One of the Happy mantras is to put customers second; whereas most comanies claim to put customers first. But Happy's founder Henry Stewart reasons thus: if you hire good people and treat them well, they will demonstrate pride, passion and commitment that will result in exceptional service that delights customers because it is sincere and authentic. Happy's frequent awards for customer service and training are testament to the success of this approach.

Happy is no holiday camp; its staff work hard but they enjoy a democratic and inclusive management structure that invites ideas, accepts failure as an essential element of learning and development and trusts them get on with what they were hired to do, free of too many rules and policies. And it shows.

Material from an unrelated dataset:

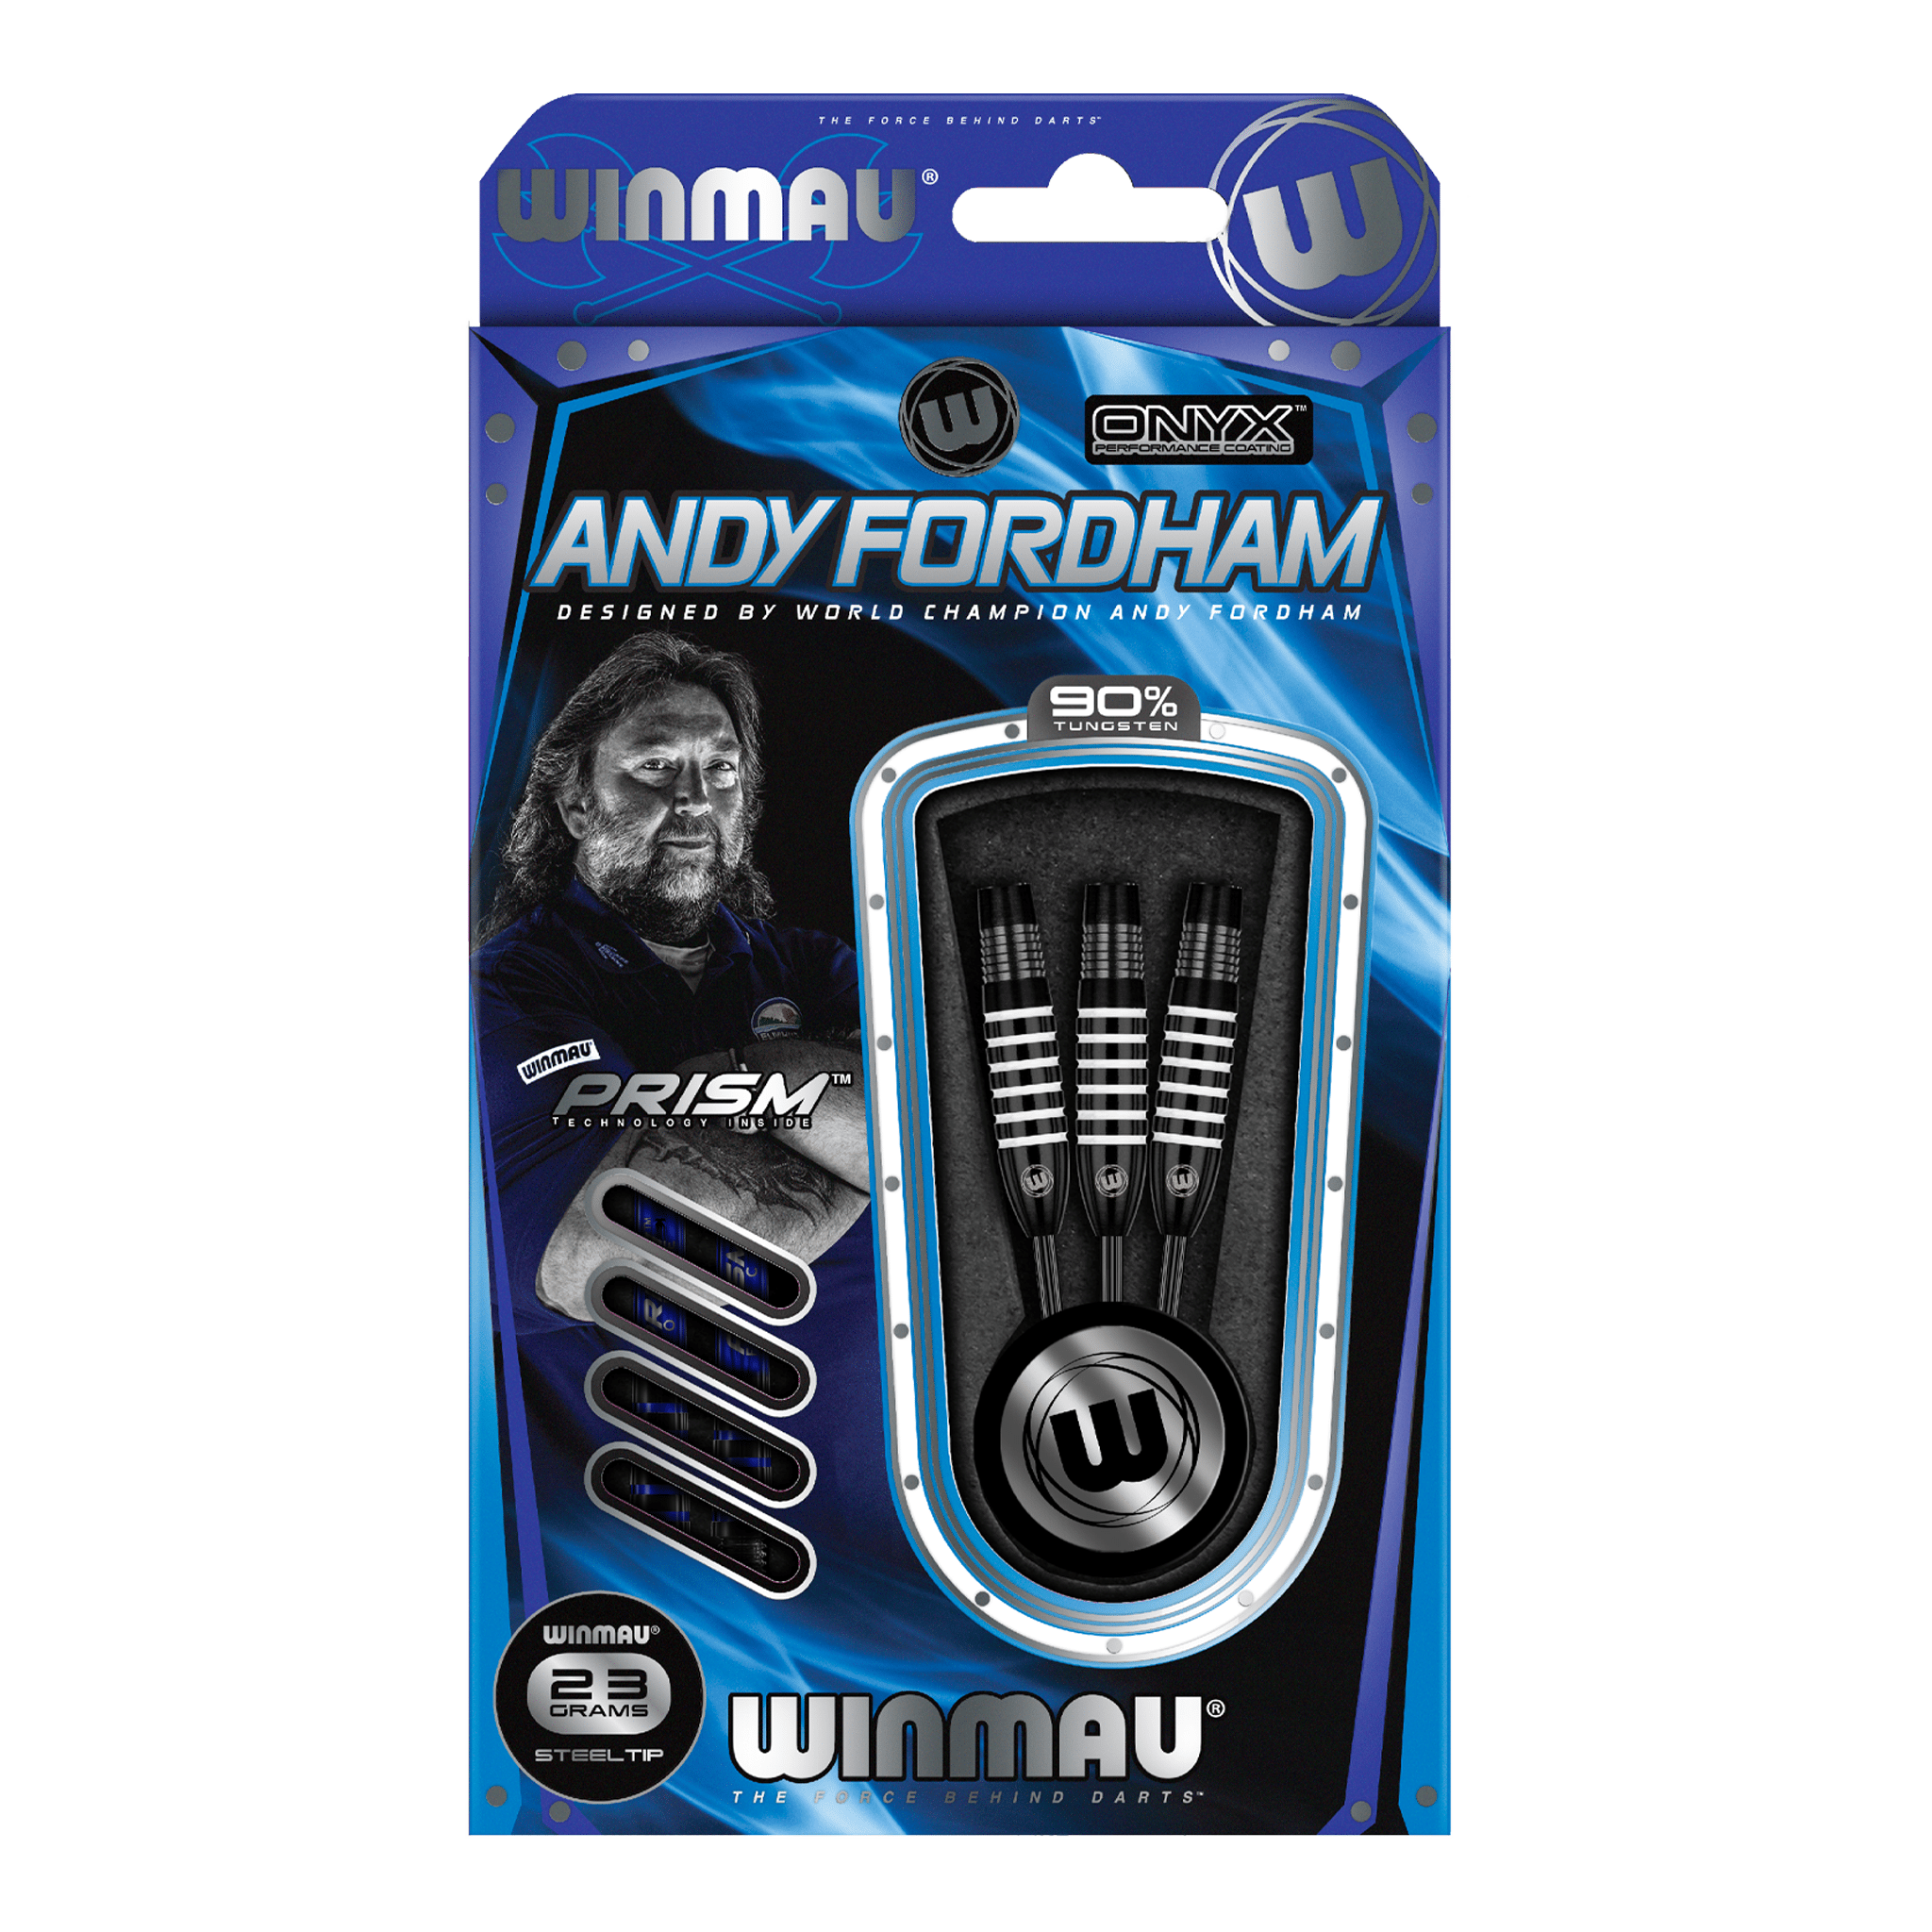 Winmau Andy Fordham - 90% Tungsten Steel Tip Darts Darts

Wednesday, 2 February 2011

Cost efficiency = energy efficiency

The Route Map for Sustainable Health has been published laying out some of the measures the NHS needs to take to meet the government's greenhouse gas emissions reduction targets. The NHS Sustainable Development Unit consulted opinion leaders including Forum for the Future to build intelligence for the report, which was published on 1st February. According to a report by Fiona Harvey in The Guardian, the NHS has emissions similar to Croatia. No wonder, then, that it has been tasked with cutting them by 10% by 2015.

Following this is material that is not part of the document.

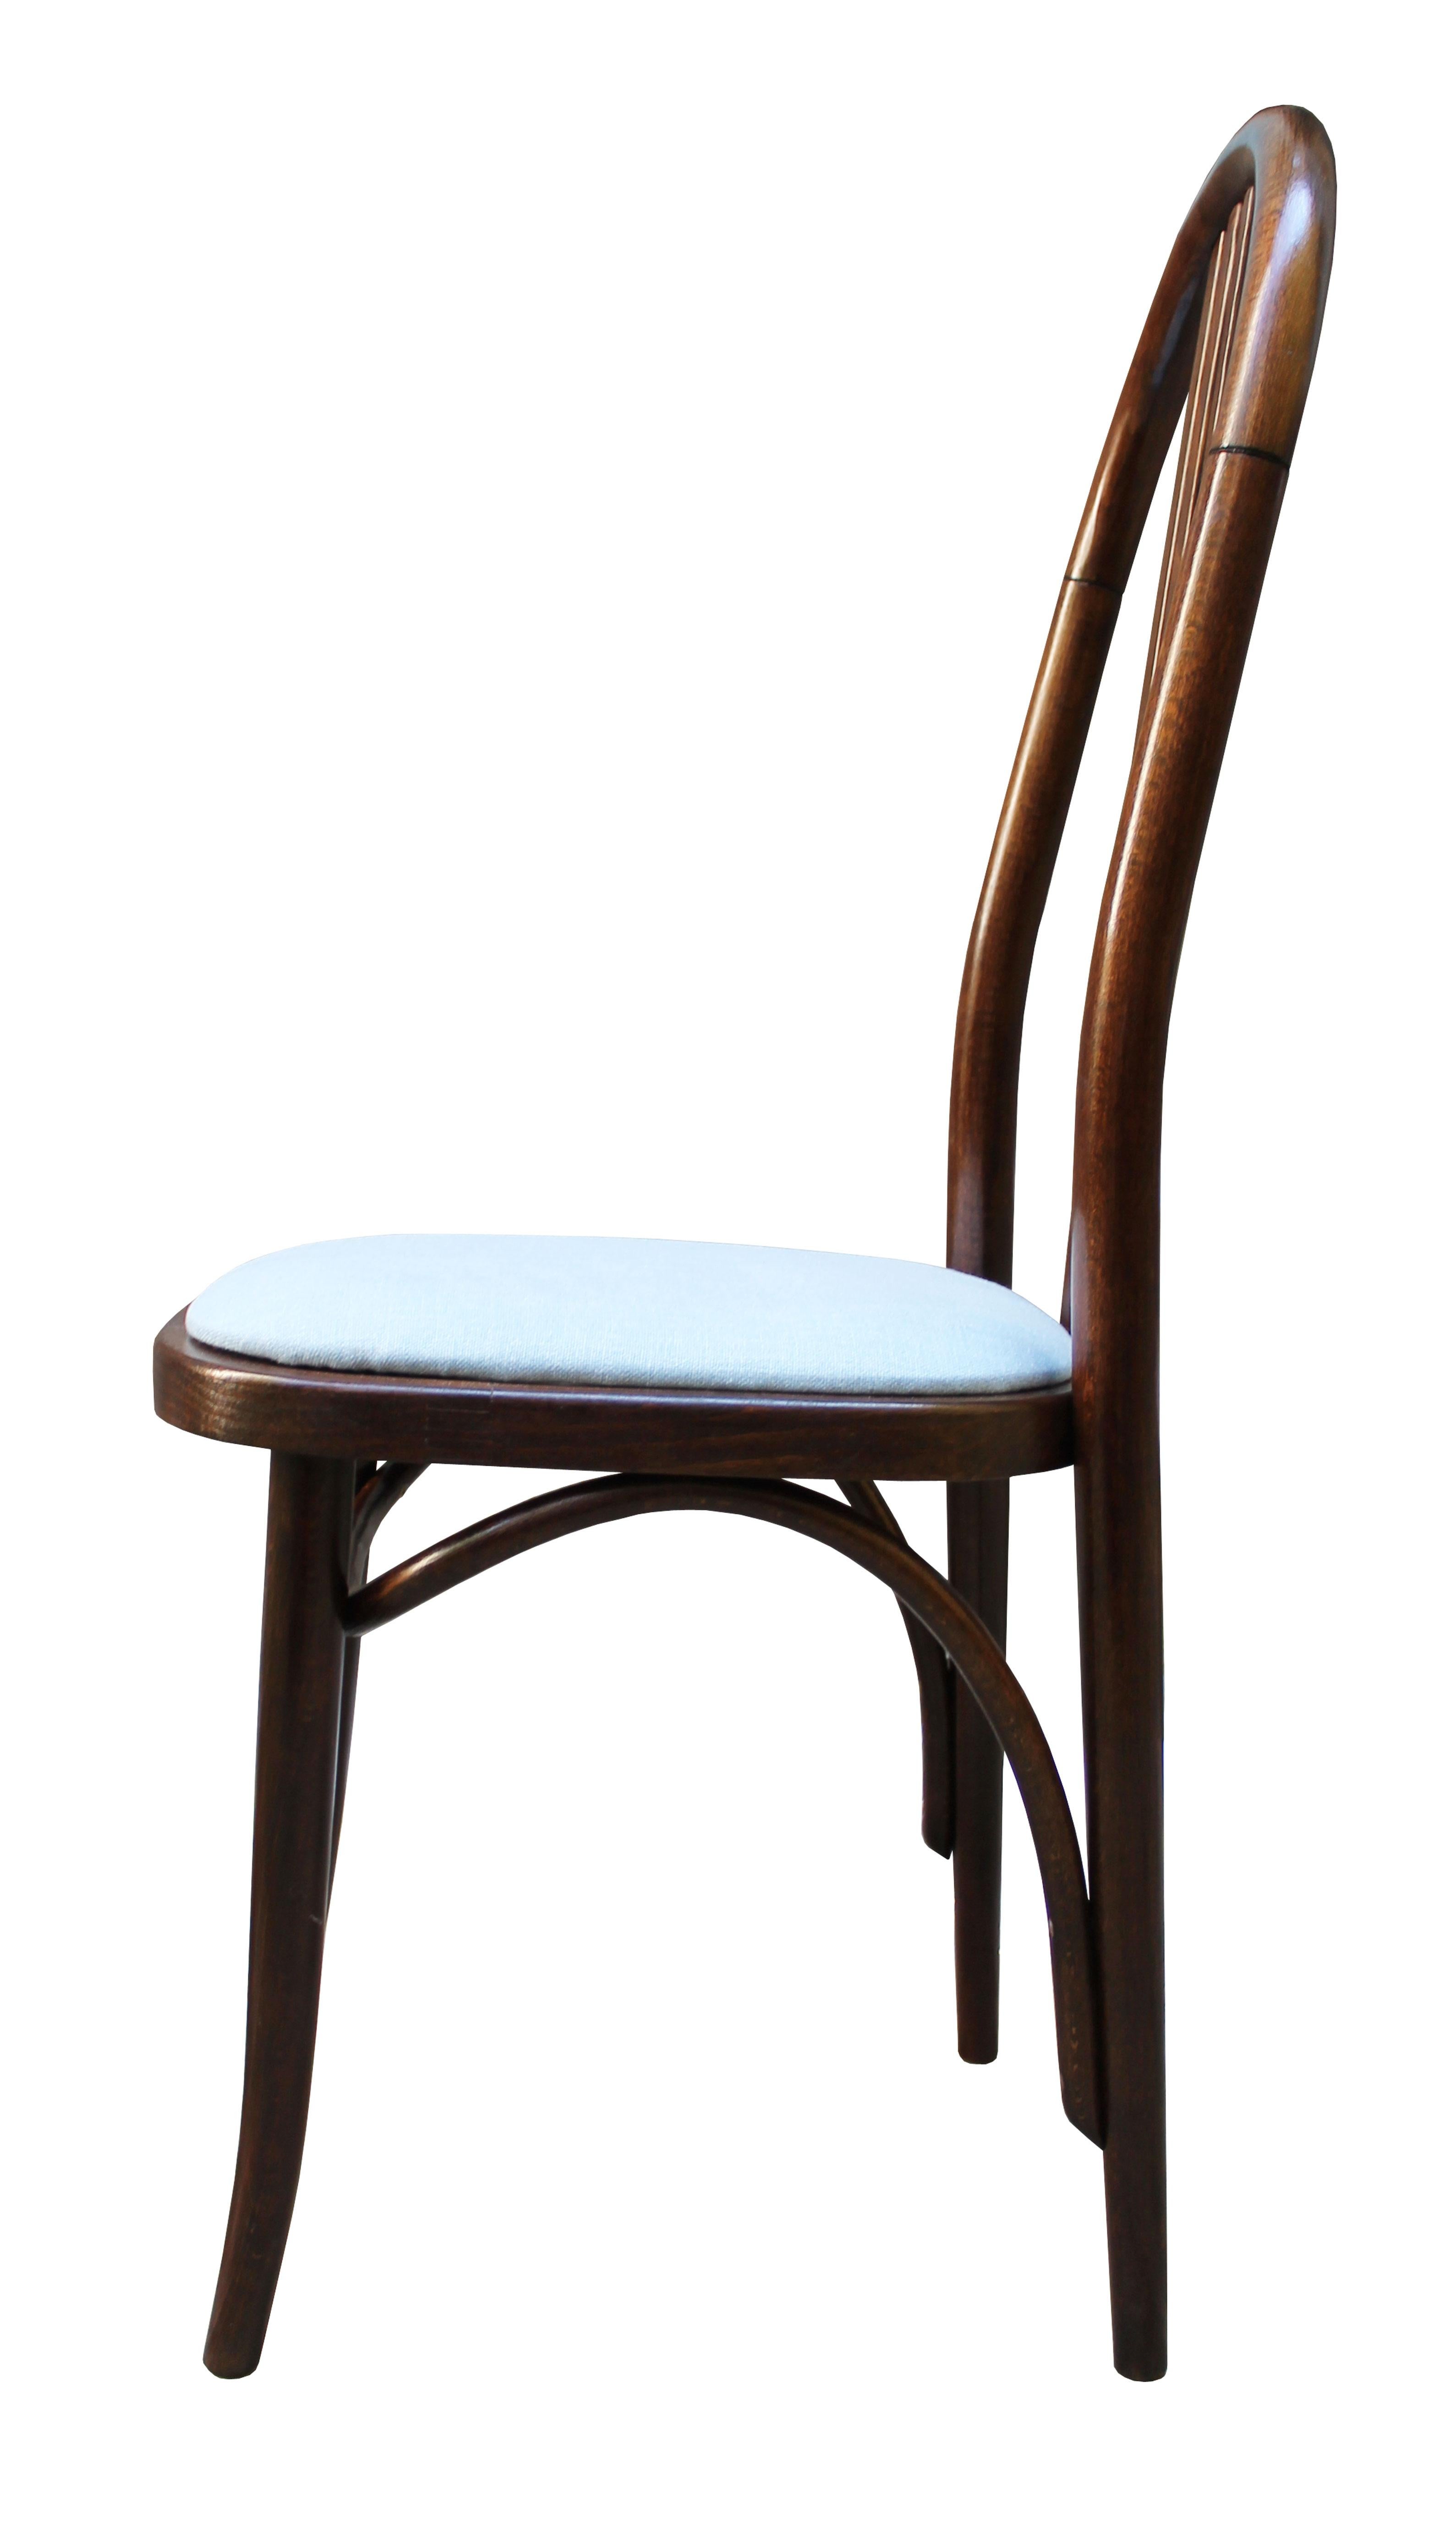 Czech 1980's Postmodernist Chair Model No. 45 by Josef Macek for TON For Sale

Just a couple of days later, the BBC reports that overspending on basic supplies costs the NHS £500k annually. The National Audit Office examined how English hospitals purchased 66,000 products, uniforms and dessings to office stationery. It concluded that despite buying power of £100bn, the NHS is missing opportunities to leverage its buying power to gain economies of scale - a criticism similar to that levelled at central government in Sir Philip Green's Efficiency Review. It is tasked with finding up to £20bn of annual savings by 2015.

Leading private sector organisations are deriving commercial benefit from the link between efficiency and carbon emissions. When responding to the challenges in these reports, the NHS could do worse than examine best practice there.

Tuesday, 1 February 2011

Embedding sustainable development across Government

A report published by a parliamentary select committee has warned that Defra is not best placed to ensure that other government departments embed sustainability in their operations and policy making. The cross-party Environmental Audit Committee has called for the Cabinet Office to take more responsibility for driving improvements in sustainability across Government, and has recommended greater support from the Treasury and the Prime Minister.

Next year funding will be withdrawn from the Sustainable Development Commission, the government's watchdog on green issues. The committee raised concerns that the loss of its experience and resources will threaten the government’s green agenda and the sustainability of its policies.

It argues that embedding sustainable development into the policy-making of all departments will help tackle long-term environmental, social and economic issues. In addition, increased resource efficiency can save the government millions towards reducing the budget deficit. But it claims that the government is not set up to capitalise on these potential benefits.

The report recommends creating a new minister for sustainable development, based in the Cabinet Office, whole role would be to hold departments to account when they fail to deliver on green targets. Financial sanctions are also proposed for departments that deliver poor sustainability performance. Without such measures, the committee warns that the government will not be able to keep the commitments made in the Climate Change Act.